GOAL OF THE EXERCISE → The answer is to be the lines below that lie between the line holding "徐州市铜山区劳动和社会保险关系转移单" and the line holding "DIY Clutch Bag", inclusive, transcribed exactly and free of pictures.

#### EXERCISE DATA ####

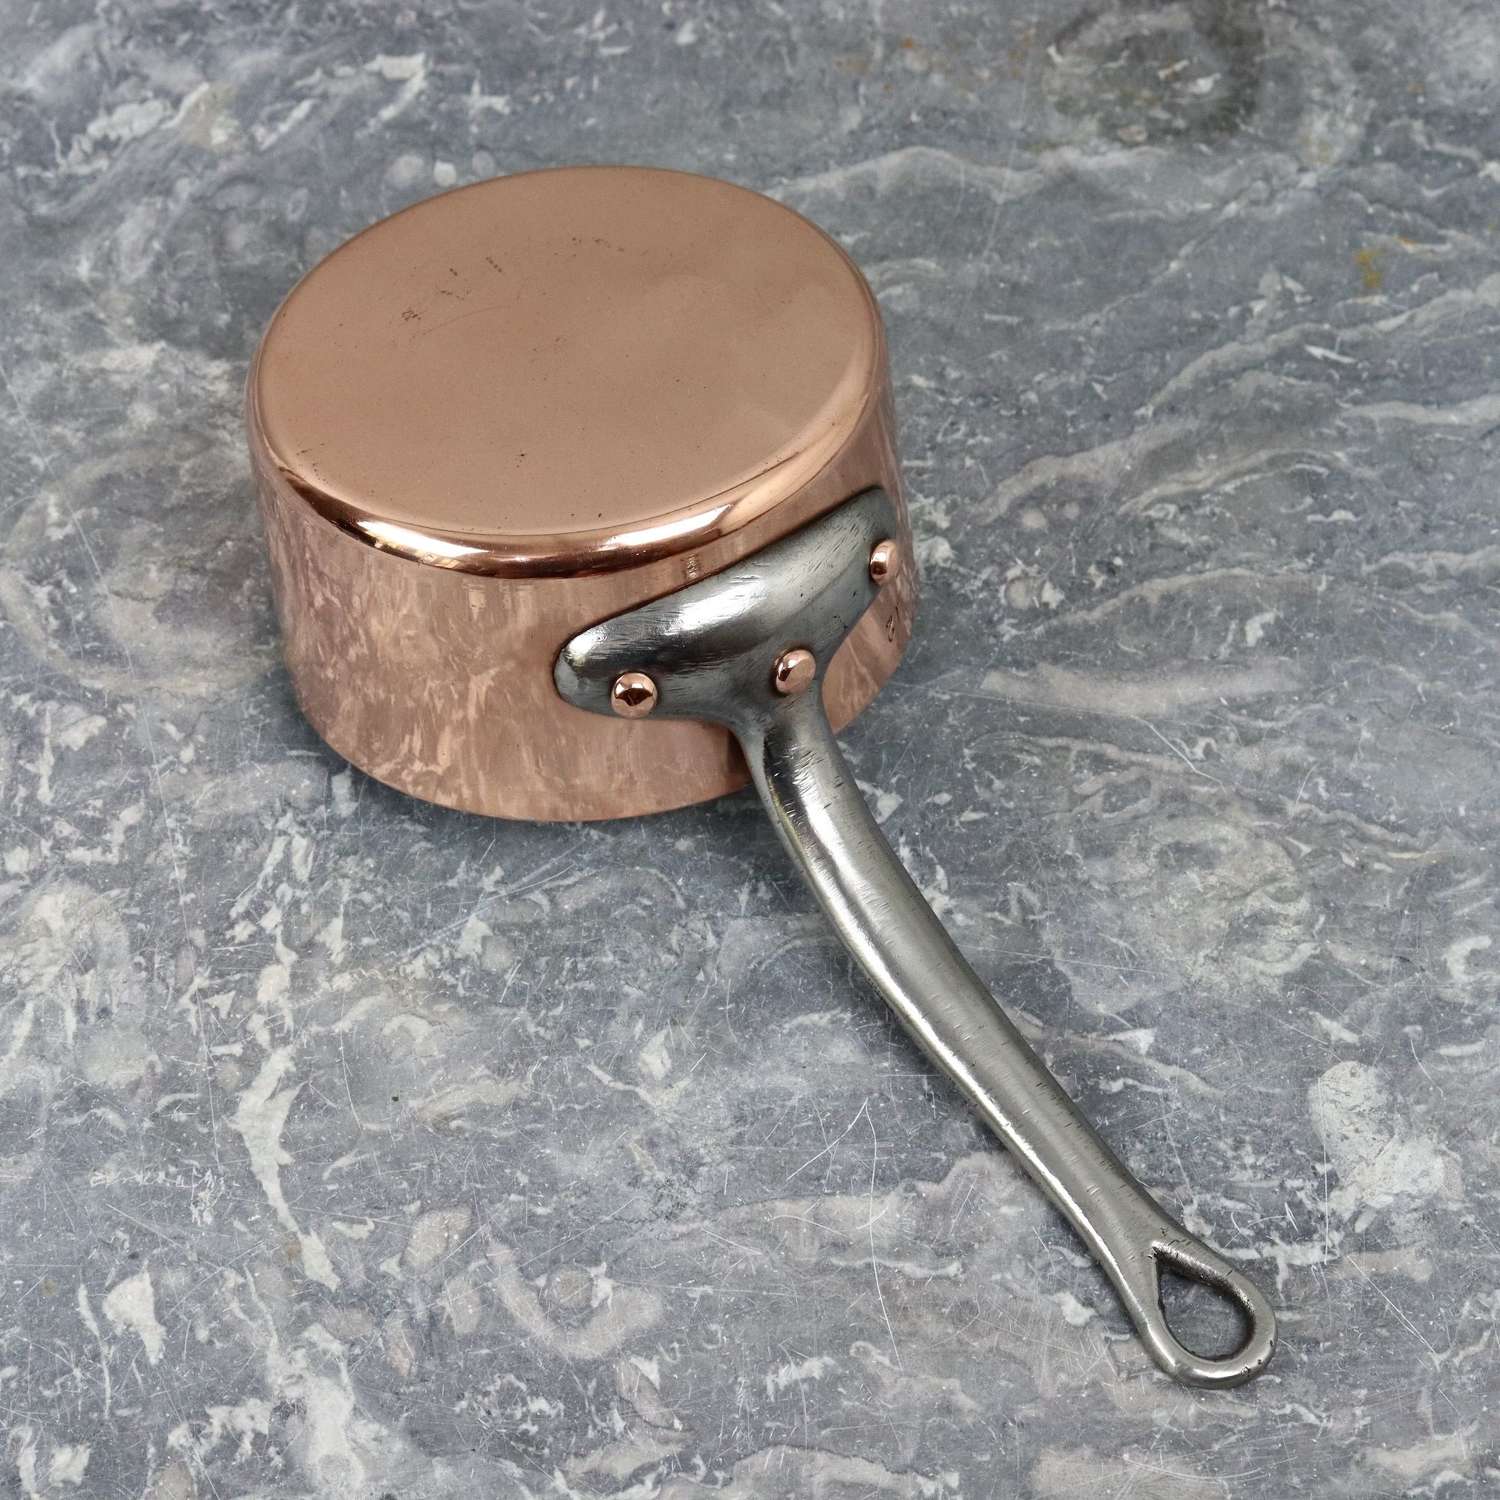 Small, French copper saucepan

####
#### EXERCISE DATA ####

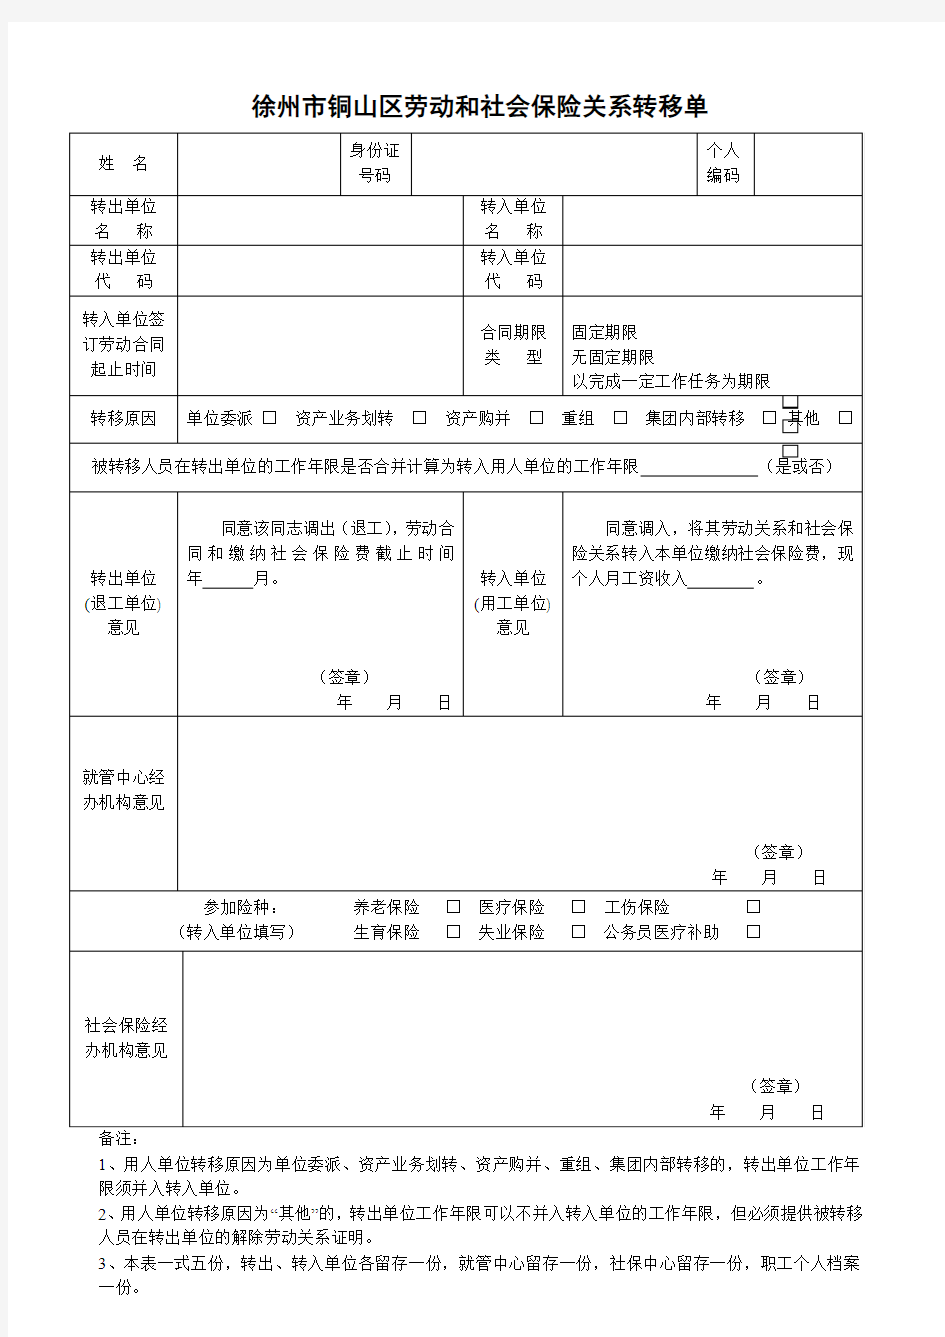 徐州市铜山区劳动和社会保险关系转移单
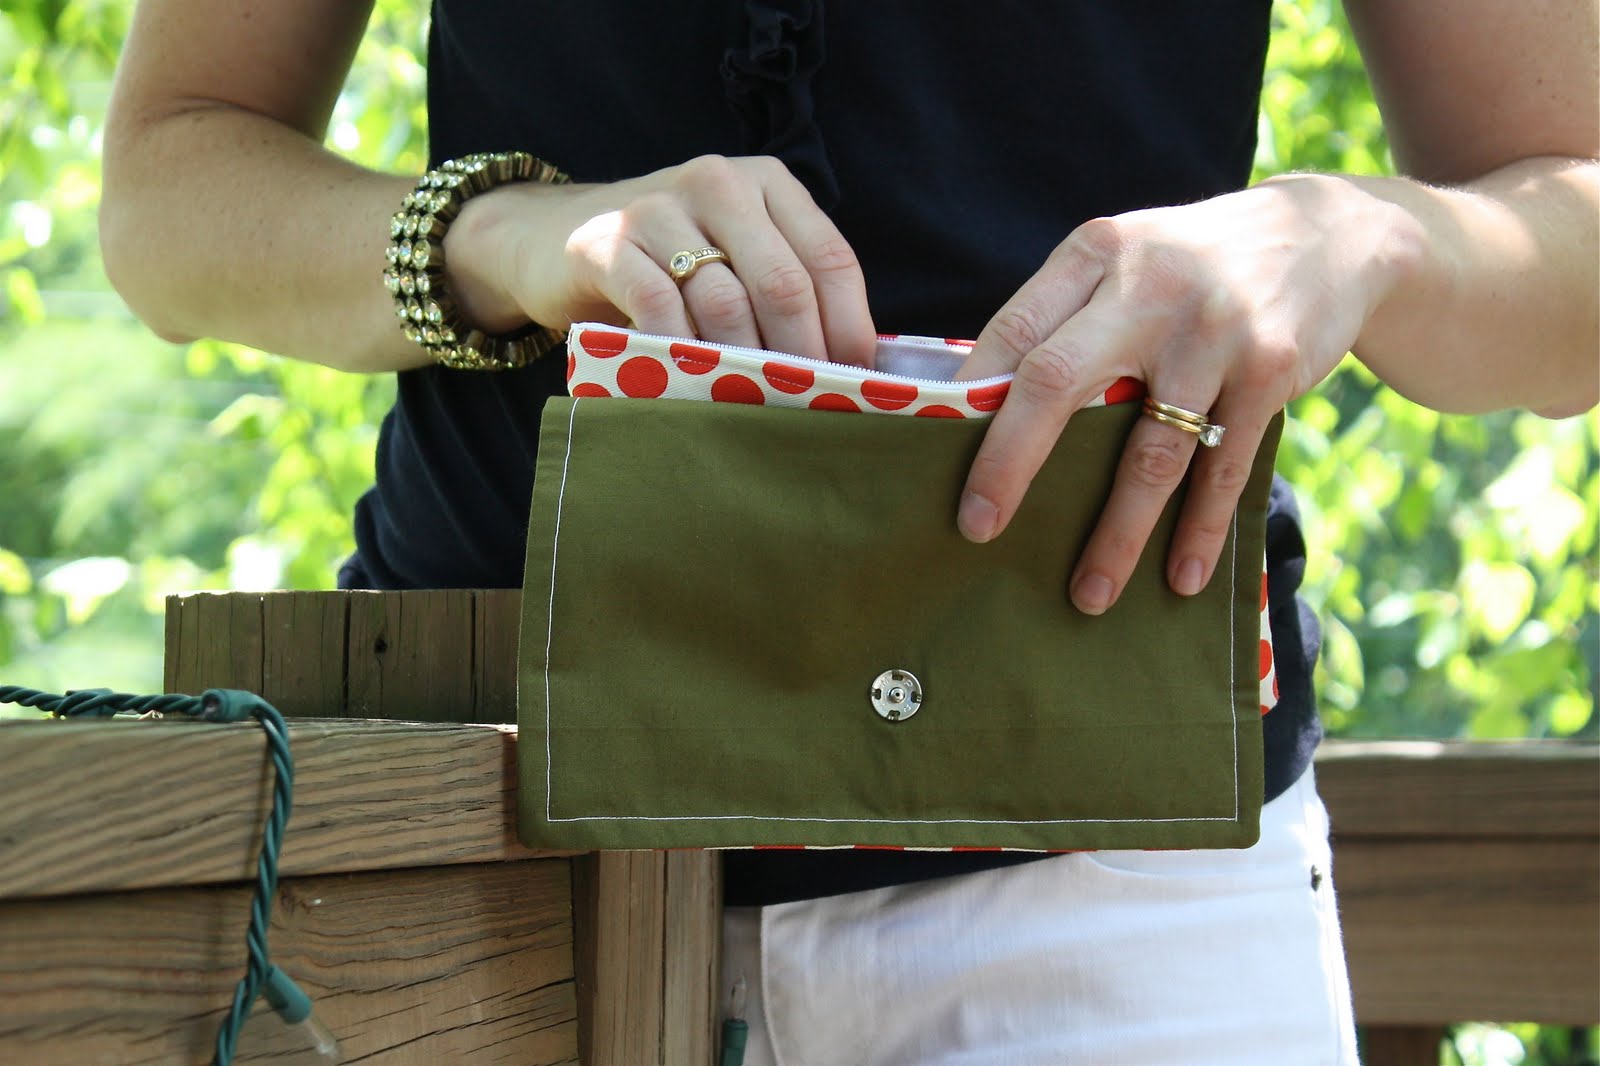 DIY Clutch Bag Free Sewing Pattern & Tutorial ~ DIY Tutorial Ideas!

####

FINISHED EXERCISE →
 徐州市铜山区劳动和社会保险关系转移单
 DIY Clutch Bag Free Sewing Pattern & Tutorial ~ DIY Tutorial Ideas!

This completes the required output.